We arrived at the Santa Lucia train station in Venice and quickly realized that our hotel, near San Marco Square, was on the exact opposite side of town. We couldn’t use GPS on our phones, so we bought a paper map and used it to navigate the tiny little streets of the city. It was only about a mile and a half walk, but the streets that wind through the canals are more like small alleyways, and full of bridges, so keep that in mind if you plan on visiting with anybody who has trouble walking or if you’re bringing a stroller or rolling luggage. You can also get a water taxi or use the water bus, which we didn’t really know at the time, and I would recommend stopping at any of the little booths to book a taxi or buy a bus ticket. There are no cars in Venice, so the only transportation other than walking is all done on the canals.
We spent the first part of the afternoon admiring San Marco’s (St. Mark’s) Square. St. Mark’s Basilica is one of the most beautiful I’ve ever seen, and the rest of the square is surrounded by architecture from various periods in time such as the Palazzo Ducale (the Doge’s Palace, former residence of the ruler of the former Republic of Venice) in the Venetian Gothic style from 1340 and the Museo Correr (Correr Museum) housed in the building that Napolean had built in the early 1800s.
We had arrived kind of late in the day and were exhausted from some mishaps we had while traveling to Venice, so we decided to just do a walking tour at our own pace. There are plenty of tours with various prices and modes of transportation available, but we did the self-guided tour using the Sightseeing Experience app. They have tours for lots of cities in Italy that you can download and play offline as you walk around the city. We got a City Sightseeing map from the currency exchange booth under the clock tower at St. Mark’s Square that correlated to the guide. It was a good way to explore the city at our own pace and see some lesser-known spots that are just as interesting and have just as much history as the high traffic tourist spots.
It is a pretty long tour. The distance is only around two miles, but we spent about two hours on the tour, between stopping for pictures and listening to the guide at each of the
stops. Lots of the locations are churches or museums that you can enter, which we weren’t able to do because they were all closed, but that would also significantly add to your time if you did that. If you decide to go to Venice for a longer time, it might be a good idea to break it up over a couple of days.
We got dinner at one of the many cafes that was along the walking tour and it was getting dark by the time we finished. But, like most of Italy’s major cities, Venice has a thriving nightlife. We wandered around the shops and restaurants that were still open, snacking and eating dessert. The restaurants located directly on St. Mark’s Square are exorbitantly expensive, so instead we got drinks at the to-go cafe and bar (yes, that’s a thing) and walked back to the square to enjoy the music. If you’re trying to decide on a drink in Venice, don’t skip the Venetian cocktail. It combines white wine, Aperol, and soda water, and it’s pretty tasty. We enjoyed the live bands playing in the square until about midnight before calling it a night.

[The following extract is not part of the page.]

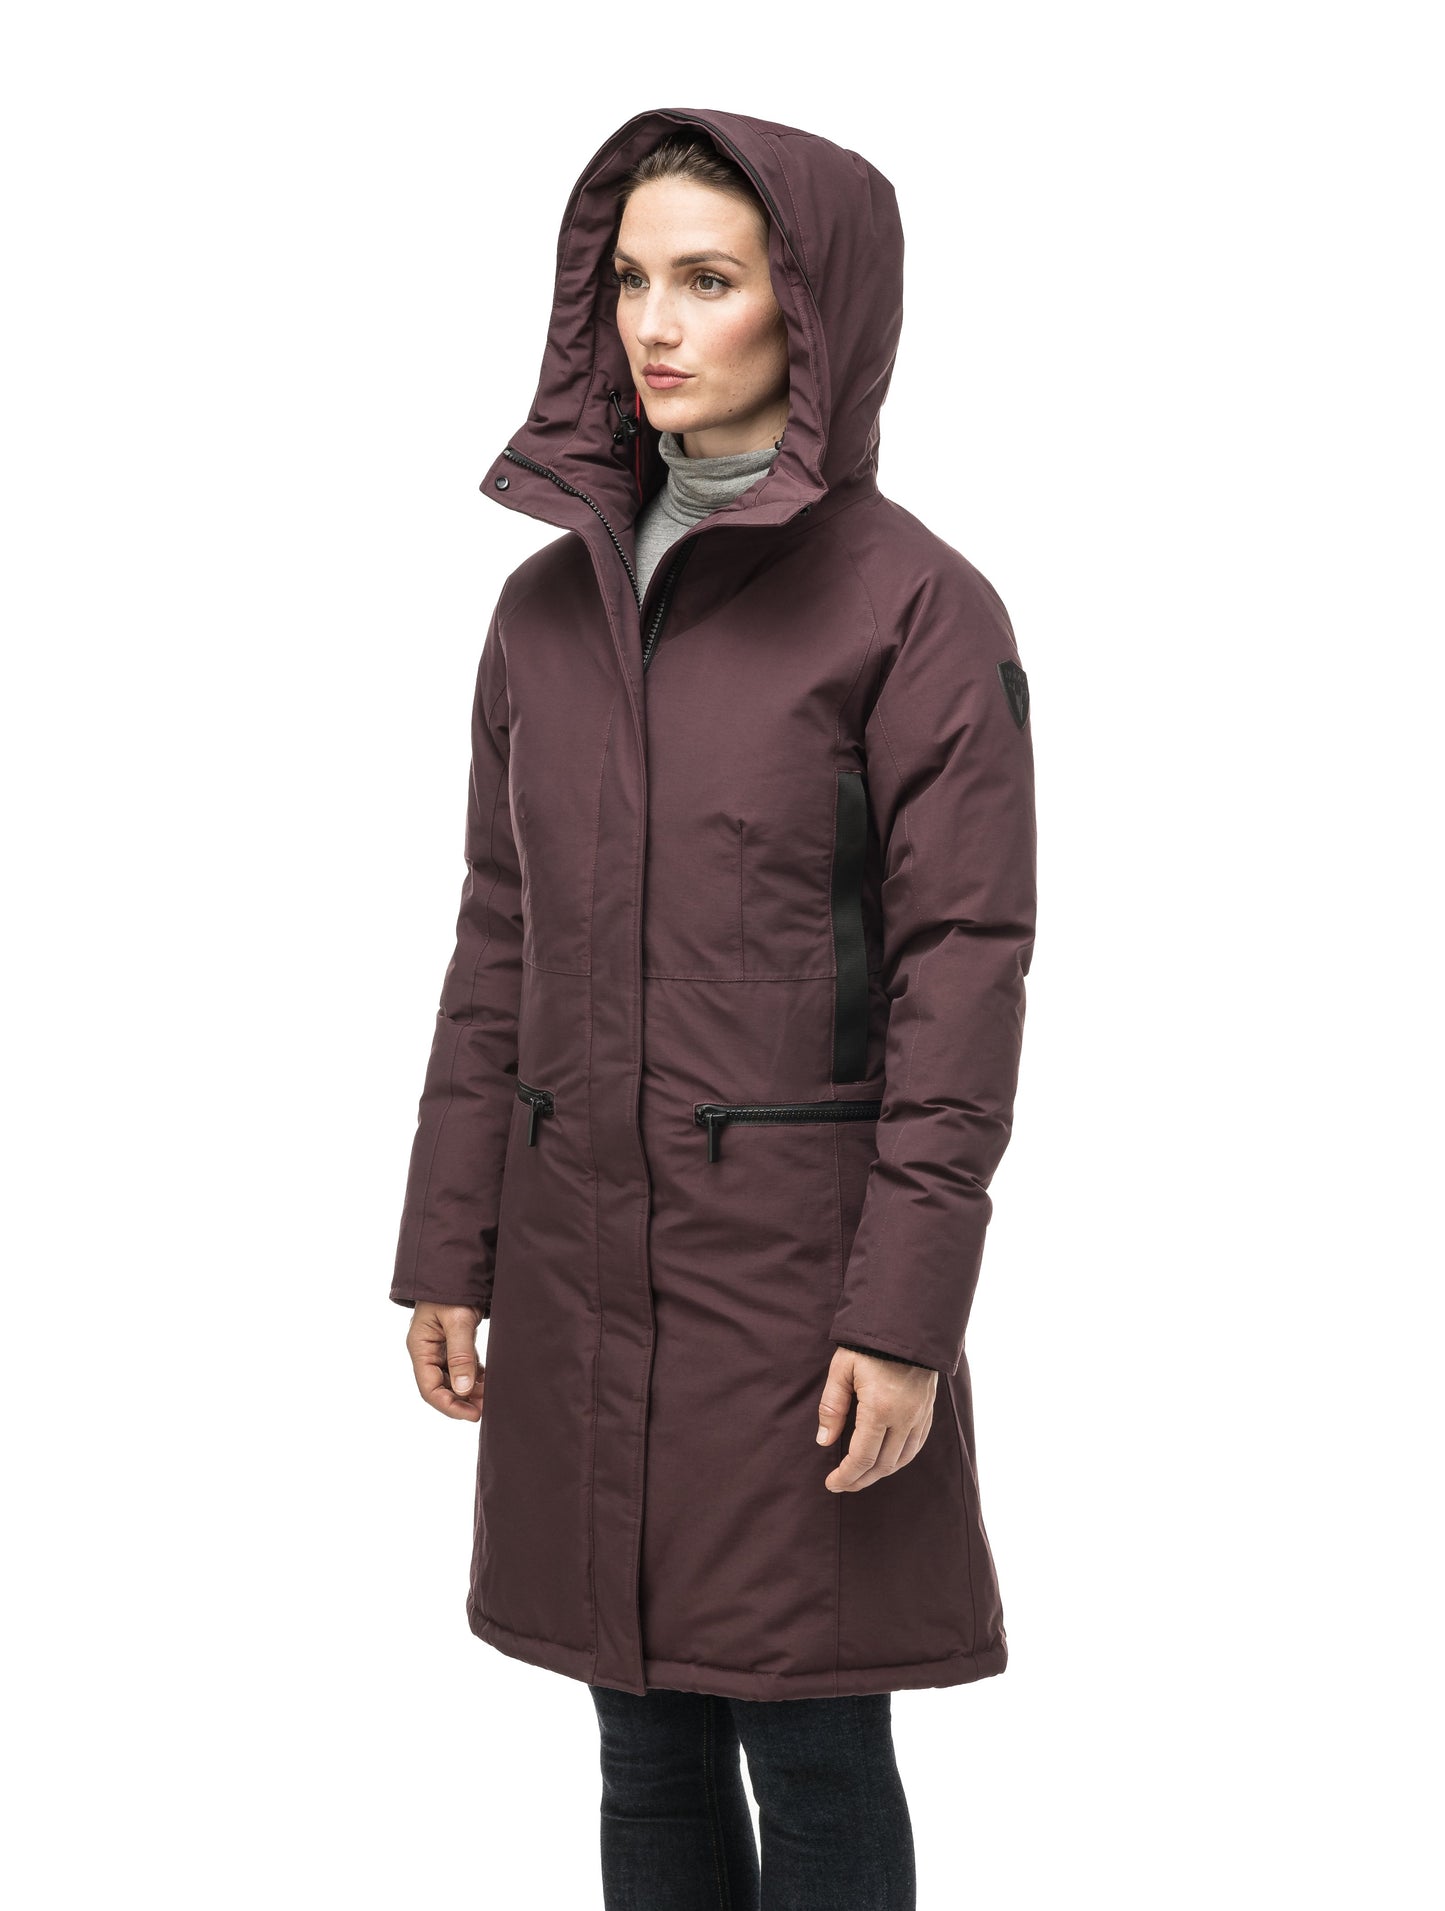 Knee length women's down filled parka with contrast ribbon accents and removable fur trim on the hood in Burgundy

The next morning we got up early enough to wait in line to enter St. Mark’s Basilica, which opens at 8:45. It’s free to enter, and audioguides are €5. If you use the Sightseeing Experience app, there’s a short section that describes the interior, which I listened to, but the audioguide included a lot more. While the general admission is free, you can pay a few euros to get into other parts of the church to see relics and to go behind the altar where the body of St. Mark is. You can also visit the museum located on the upper levels of the church, which, if we had had time, I think we definitely would have done. Even if you don’t pay for anything, I absolutely encourage you to go in. There are no pictures allowed inside, but it is gorgeous.
As with most churches in Italy, your shoulders and knees need to be covered. If you have anything larger than a purse, you’ll have to check your bag, but you need to do it before you get in line. To the left of the church is the bag check (there are signs and also attendants you can ask), and if you get to the front of the line with a bag, they will make you get out, check your bag, and wait in line all over again.
We spent about an hour and half in the basilica before heading across the square to the Museo Correr. It is one of eleven state museums and covers a wide range of the art and history of Venice. The building, the Procuratorie, was built by Napoleon when he extended his empire to Italy, but didn’t want to stay in the Doge’s Palace because of the message it might send. The museum was moved in to the building in 1922, and the first part of it was recently redone to reflect the extravagant rooms that originally occupied the building.
The collection boasts several sculptures by Antonio Canova as well as other items illustrating the life and culture of the Venetians. The building, and admission to the Correr, includes the Museo Archeologico Nazionale and the Monumental Rooms of the Biblioteca Nazionale Marciana, which were also fascinating.
Ticketing for the museum can be tricky. For €20 you can get a St. Mark’s Square Museums ticket that includes the Museo Correr, Museo Archeologico Nazionale, Monumental Rooms of the Biblioteca Nazionale Marciana, and the Doge’s Palace. For €24 you can get a Museum Pass that grants entrance to the eleven civic museums in Venice. These would probably be great deals if you had several days in Venice to explore all the museums, but since we had just one afternoon, we went for a third option: paying €12 to get entrance to the Museo Correr, the Museo Archeologico Nazionale, and the Monumental Rooms of the Biblioteca Nazionale Marciana, plus a tour of the famous clock tower of Venice.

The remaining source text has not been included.